The option --aacontext 5 output +/- 5bp protein sequence context.

$ transvar ganno -i 'chr17:7577124' --ccds --aacontext 5
chr17:7577124	CCDS11118 (protein_coding)	TP53	-
   chr17:g.7577124C>/c.814G>/p.V272	inside_[cds_in_exon_7]
   is_gene_body;aacontext=RNSFE[V]RVCAC;codon_pos=7577122-7577123-7577124;source
   =CCDS
chr17:7577124	CCDS45605 (protein_coding)	TP53	-
   chr17:g.7577124C>/c.814G>/p.V272	inside_[cds_in_exon_7]
   is_gene_body;aacontext=RNSFE[V]RVCAC;codon_pos=7577122-7577123-7577124;source
   =CCDS
chr17:7577124	CCDS45606 (protein_coding)	TP53	-
   chr17:g.7577124C>/c.814G>/p.V272	inside_[cds_in_exon_7]
   is_gene_body;aacontext=RNSFE[V]RVCAC;codon_pos=7577122-7577123-7577124;source
   =CCDS

shows the protein sequence context in the aacontext tag.

How to report results in one line for each query?

Use --oneline option. This separates the outputs from each transcript by '|||'.

I got 'gene_not_recognized', what's wrong?

Most likely you forgot to specify a transcipt definition such as --ccds or --ensembl. Sometimes there are non-canonical names for genes, this can be fixed through the --alias option and specify an alias table. TransVar comes with alias table from UCSC knownGene.

Does TransVar support alternative format for MNV such as c.508_509CC>TT?

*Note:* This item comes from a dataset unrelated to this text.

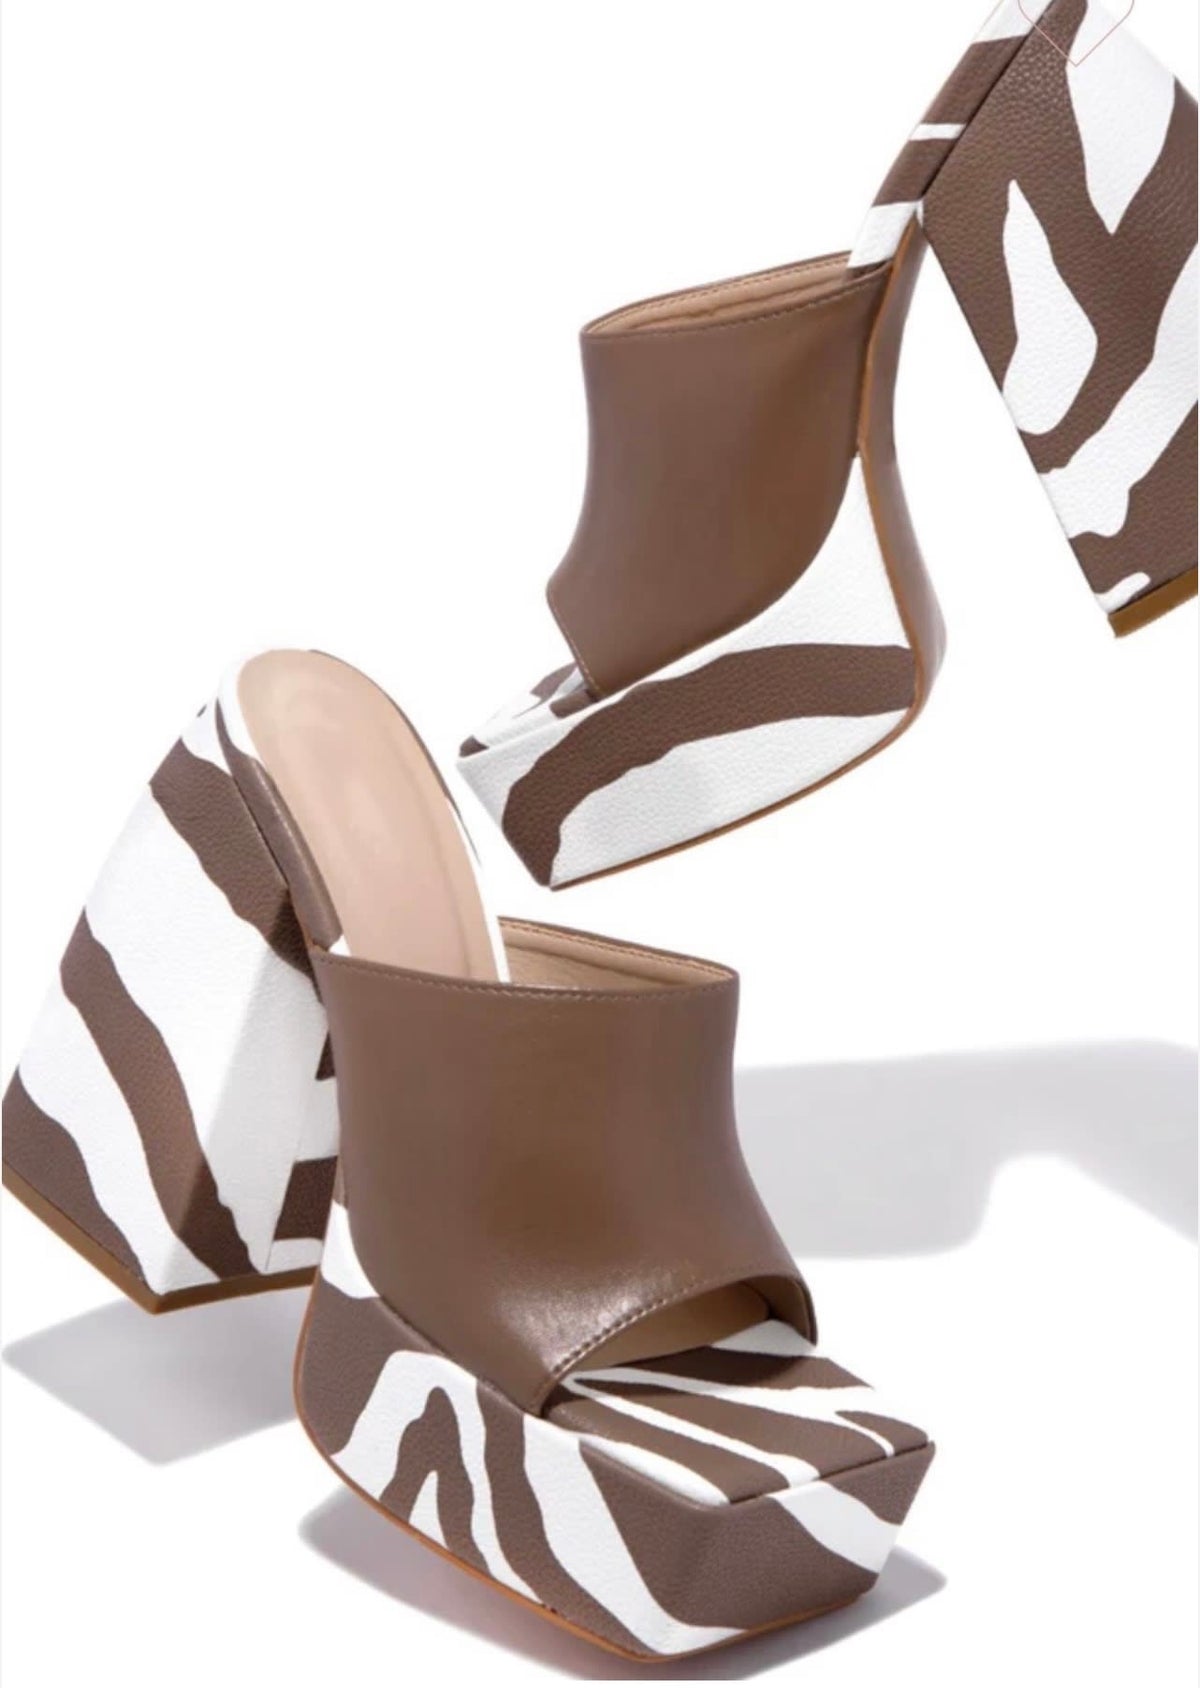 Towering Temptations: Step Up Your Fashion Game with High Platform Heels

Yes, but only in input. For example, c.508_509CC>TT

$ transvar canno --ccds -i 'A1CF:c.508_509CC>TT'
A1CF:c.508_509CC>TT	CCDS7241 (protein_coding)	A1CF	-
   chr10:g.52595929_52595930delinsAA/c.508_509delinsTT/p.P170L	inside_[cds_in_exon_4]
   CSQN=Missense;codon_cDNA=508-509-510;source=CCDS
A1CF:c.508_509CC>TT	CCDS7242 (protein_coding)	A1CF	-
   chr10:g.52595929_52595930delinsAA/c.508_509delinsTT/p.P170L	inside_[cds_in_exon_4]
   CSQN=Missense;codon_cDNA=508-509-510;source=CCDS

Does TransVar support relaxed input without 'g.', 'c.' and 'p.'?

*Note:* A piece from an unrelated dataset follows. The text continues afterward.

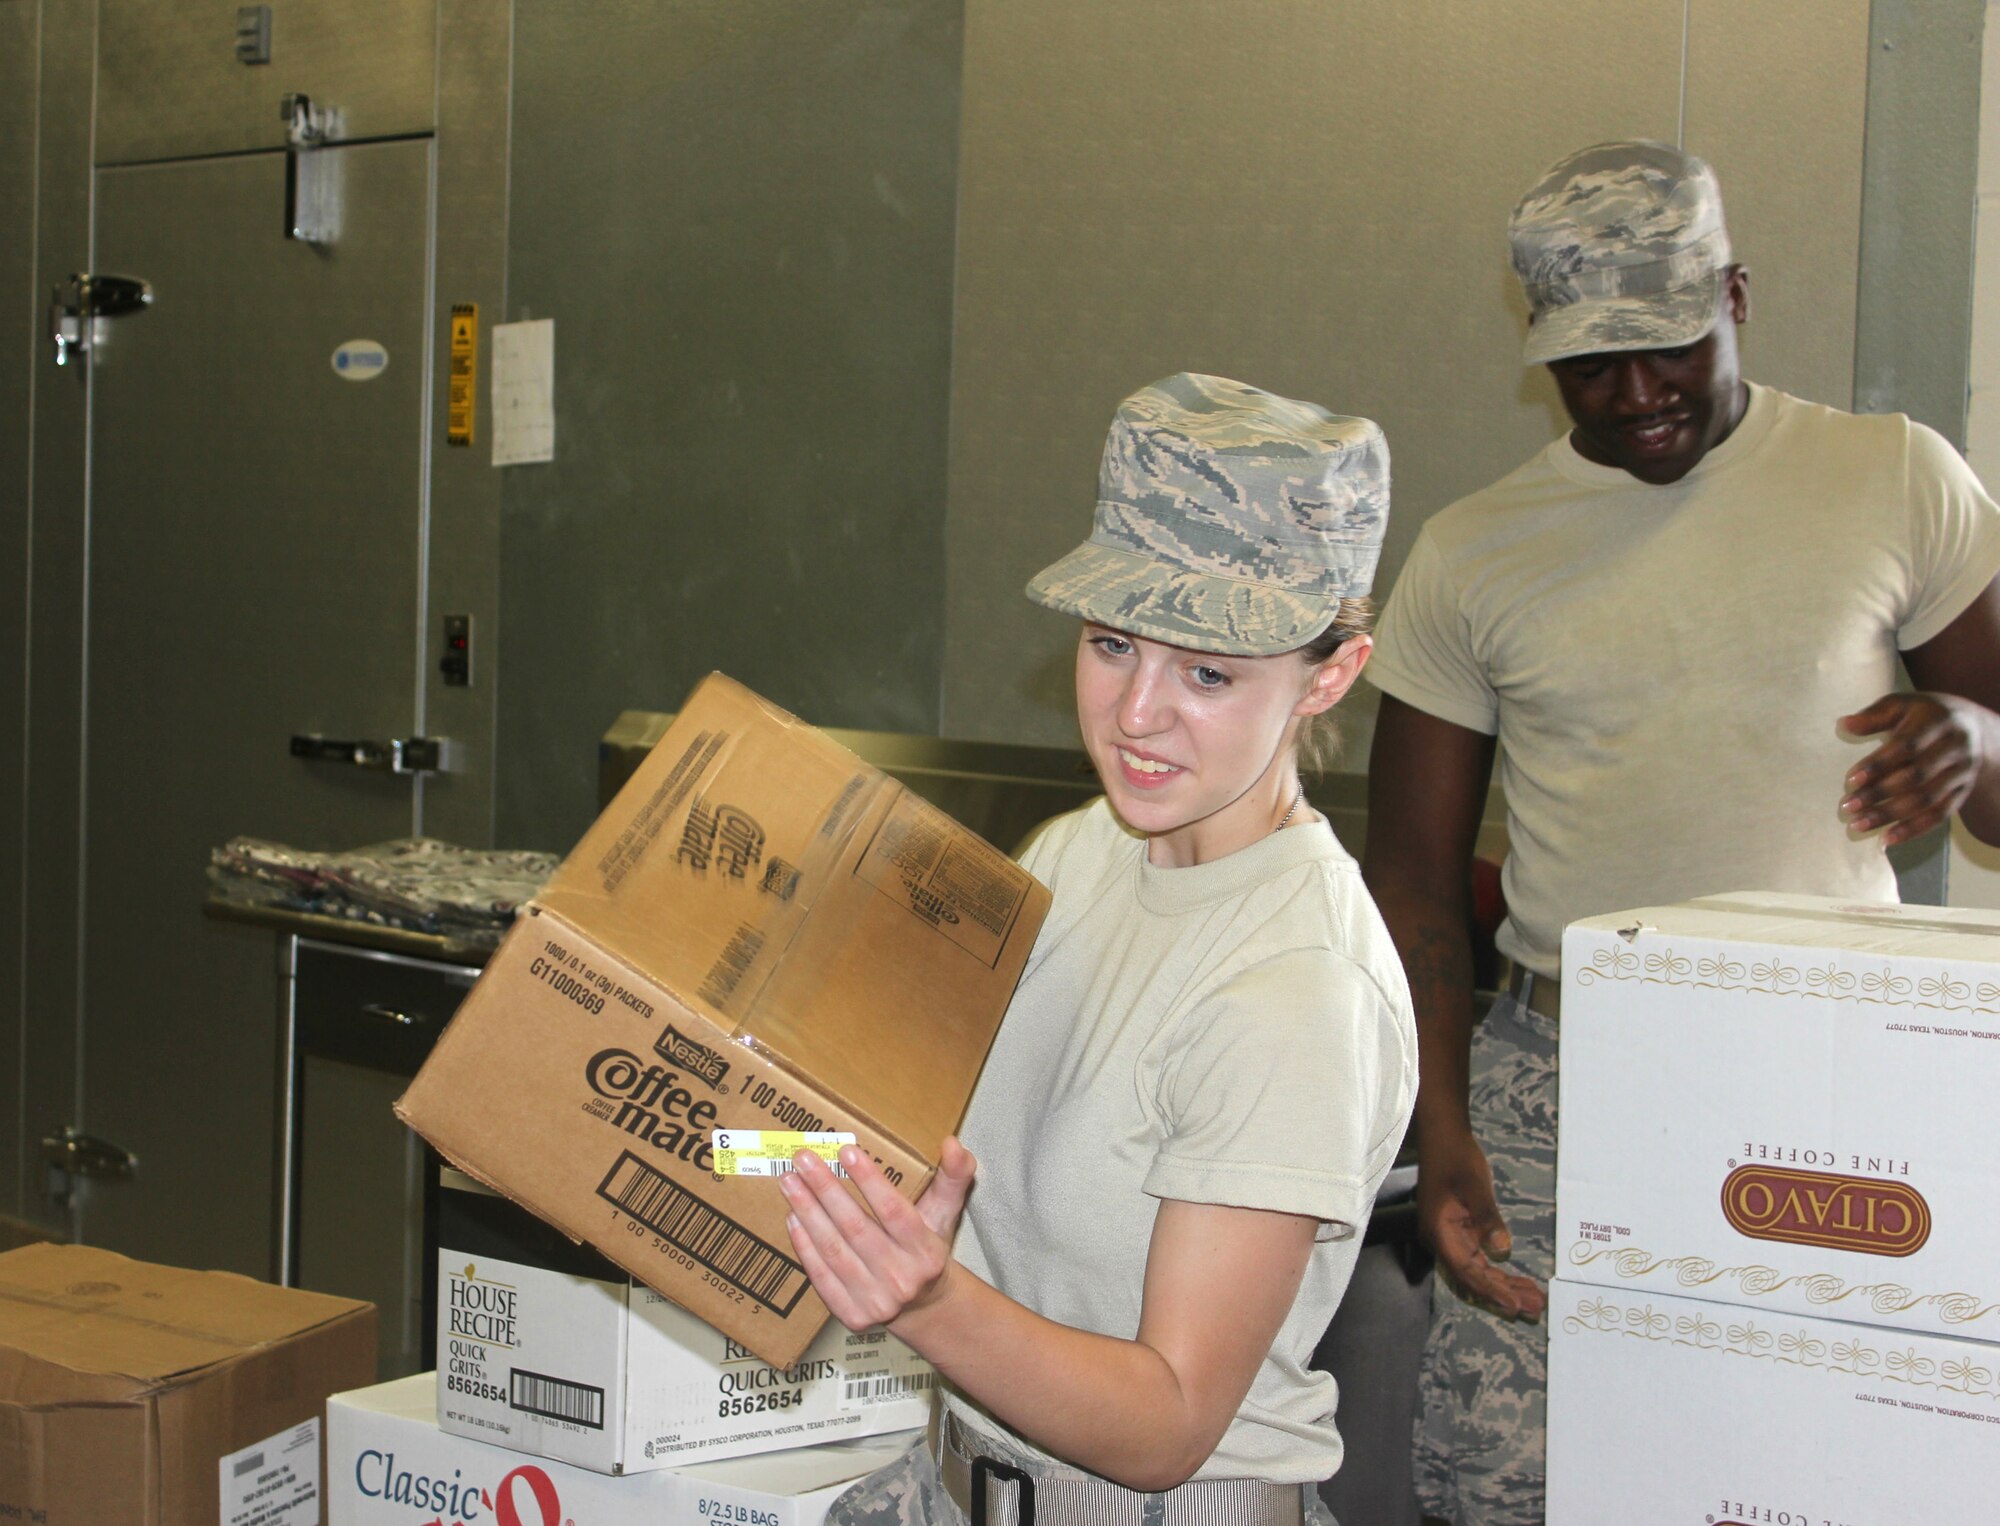 Airman First Class Katie Wainwright and Staff Sgt. Marcus Roberts, food services personnel in the New Jersey Air National Guard's 108th Force Support Squadron, organize food supplies at Carlisle County High School in Bardwell, Ky., July 14, 2016. The Kentucky Air National Guard and the U.S. Navy Reserve will provide medical and dental care at no cost to residents in three Western Kentucky locations from July 18 to 27 as part of Bluegrass Medical Innovative Readiness Training, a program co-sponsored by the U.S. Department of Defense and the Delta Regional Authority. (U.S. Navy Reserve photo by Petty Officer 2nd Class Cathan Bricker)

Yes, the 'g.', 'c.' and 'p.' are optional in the input. For example, 12:109702119insACC is equally acceptable as chr12:g.109702119_109702120insACC. TransVar also accepts '>' in denoting MNV. E.g., c.113G>TACTAGC can be used in place of c.113delGinsTACTAGC. This is common in some database such as COSMIC.

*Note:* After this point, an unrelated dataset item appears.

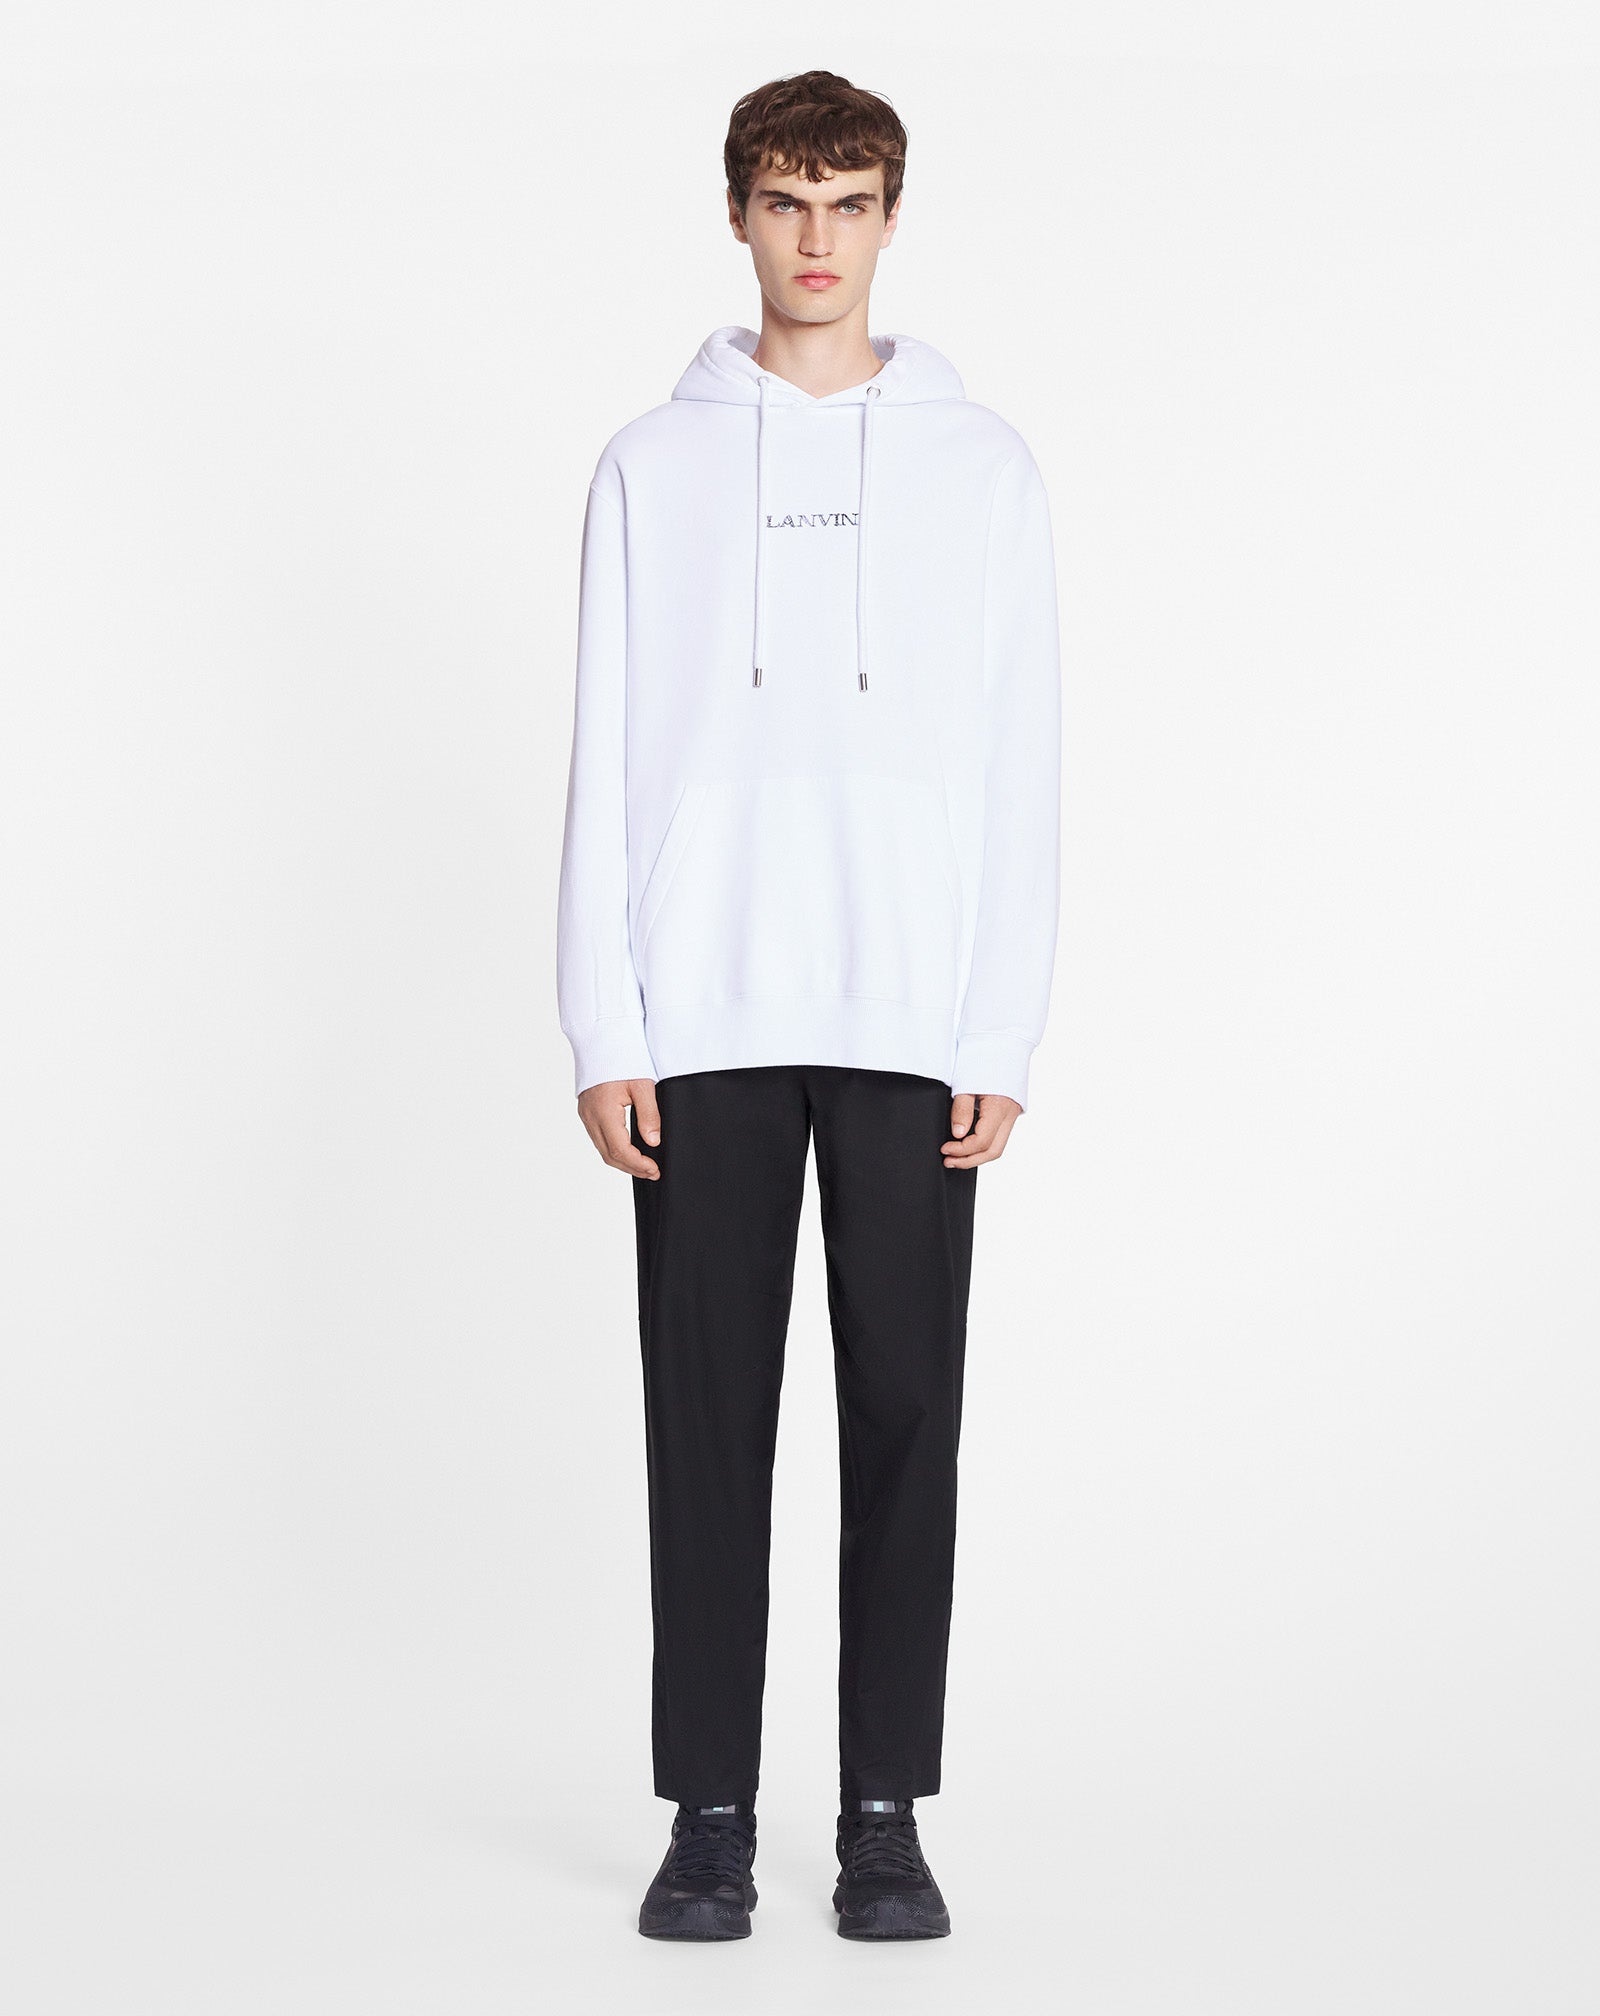 LOOSE-FITTING HOODIE WITH LANVIN LOGO - 3

When I annotate a variant for protein identifier, why would I end up getting results in another variant type?

TransVar follows in full the HGVS nomenclature while annotating protein level mutation identifiers. For example, a out-of-phase, in frame insertion, ACIN1:c.1930_1931insATTCAC will be annotated with p.S643_R644insHS rather than R644delinsHSR. Protein level mutation will be generated as if no nucleotide mutation information exists.